3.2 Xilinx Design Flow

The proposed work is inserted between the place and route (PAR) and BitGen stages. When inserting instrumentation, the NCD representation of the circuit produced by the PAR process is converted to a XDL file. Trace-insertion modifies the XDL file to insert the Trace-Buffers and trigger unit and creates a new XDL that includes the modifications. This XDL file can be converted back to an XCD, and the normal Xilinx flow may continue. BitGen can create a bit file that can configure the FPGA with the circuit that includes the debug system. The ncd2xdl and xdl2ncd conversions are done (as shown in Fig. 2). A XDL file representing the circuit to instrument is one of the inputs to trace-insertion. Trace-insertion requires two lists: a list of the nets to trace and a list of the nets to connect to the trigger unit inputs. There are also other parameters of trace-insertion that can be adjusted such as Trace-Buffer width, trigger width, or number of trigger unit slices.

Fig. 2
figure 2

Xilinx design flow

4 Primary Results

This section describes the methodology for testing the flexibility of the proposed incremental trace-based debug system. The runtimes of the incremental insertion on a set of benchmarks and the effects on minimum period are presented. The results of the tests are presented and demonstrated that the proposed system is feasible and can observe thousands of signals.

To demonstrate the feasibility of our proposed debug system, the effects of using it to trace up to 100 % of the flip-flops and latches in three benchmark circuits (when Trace-Buffer capacity permits). We chose to trace the flip-flops and latches because given the values of them the other intermediate values of a circuit could be calculated using techniques such as those in [15, 16].

The runtime is the time taken to place and route the Trace-Buffers and trigger unit. The time was determined by storing the current system time between major steps in the program and then comparing the times after routing has completed. The minimum period was determined by the Xilinx ISE tool, which analyses the timing of the FPGA circuit.

The important characteristics of the benchmarks are shown in Table 1. The benchmarks circuits were synthesized, and placed and routed with Xilinx ISE tools for the Virtex-2pro FG896 embedded development platform which contains a XC2VP30 FPGA. The benchmark circuits are available as part of the VTR project and represent realistic, sizable, heterogeneous designs that include Monte Carlo simulation for a financial application and linear system solvers. This table assumes a Trace-Buffer width of 16 is being used, so “Max-Traces” is calculated by multiplying the number of unused BRAMs by 16.

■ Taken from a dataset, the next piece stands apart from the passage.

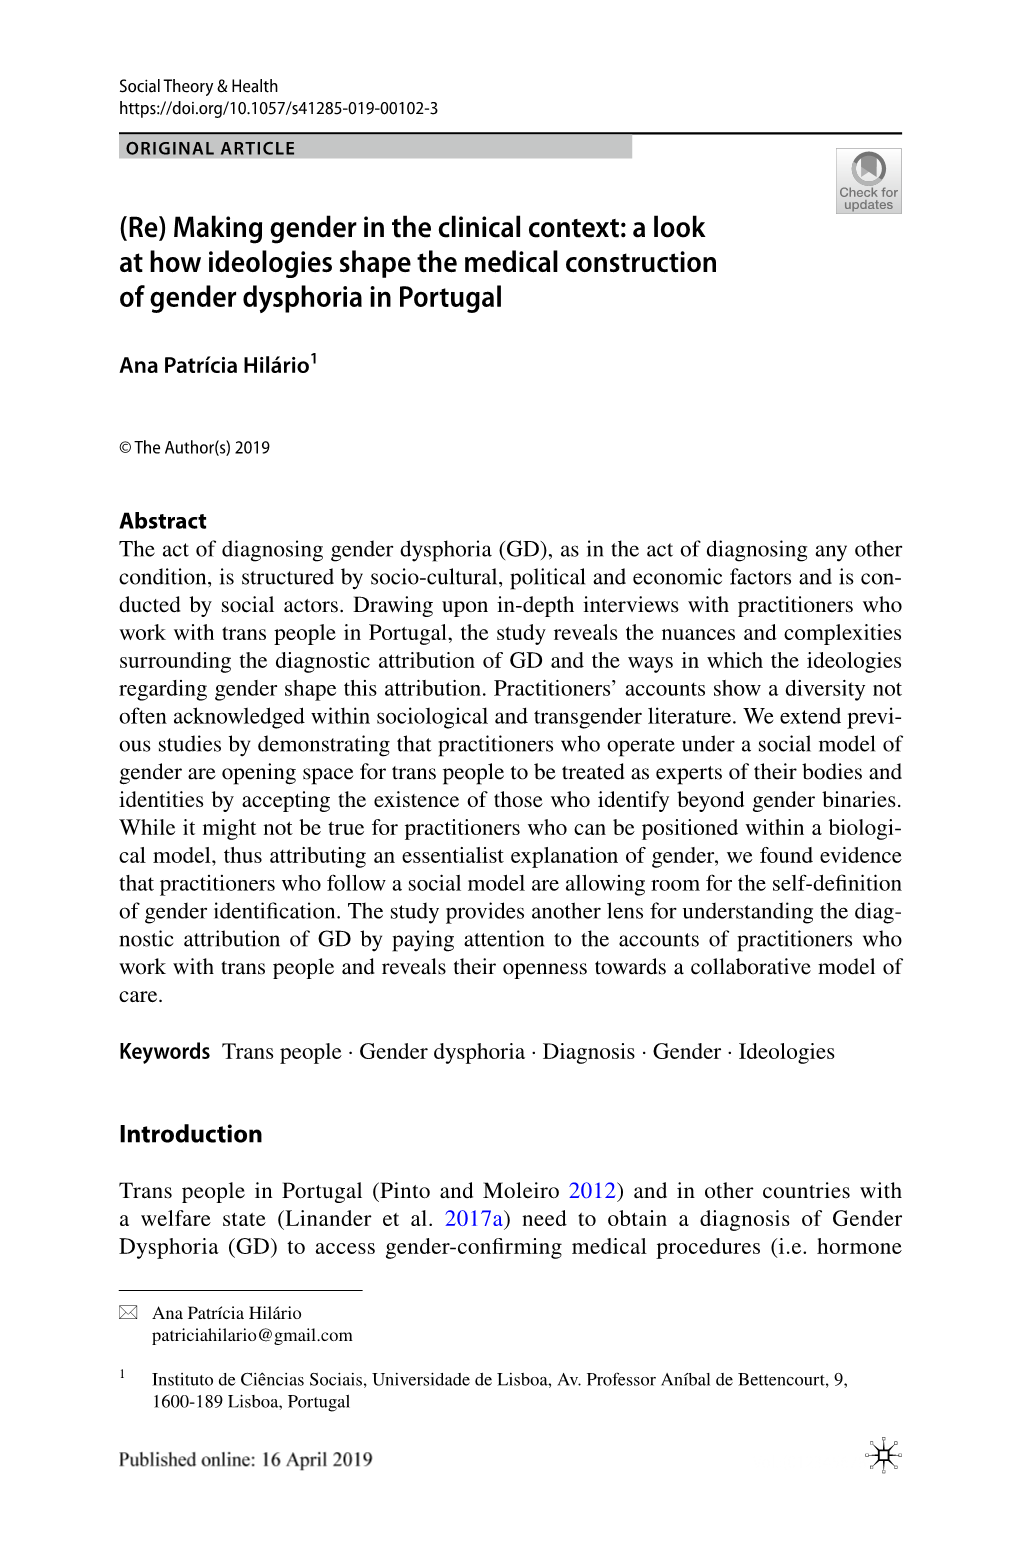 A Look at How Ideologies Shape the Medical Construction of Gender Dysphoria in Portugal

Table 1 Uninstrumented benchmark summary

For the tests, there are several parameters are kept constant. The width of Trace-Buffers is fixed at 16, meaning 16 traces can be connected to each Trace-Buffer. At this width, the Trace-Buffers have a depth of 1024. The traces are routed in random order. The trigger unit is fixed at 256 inputs and 100 slices. The trigger unit slices are placed in locations where the original circuits has not used any routing in the interconnect tile associated with the slices to avoid routing congestion.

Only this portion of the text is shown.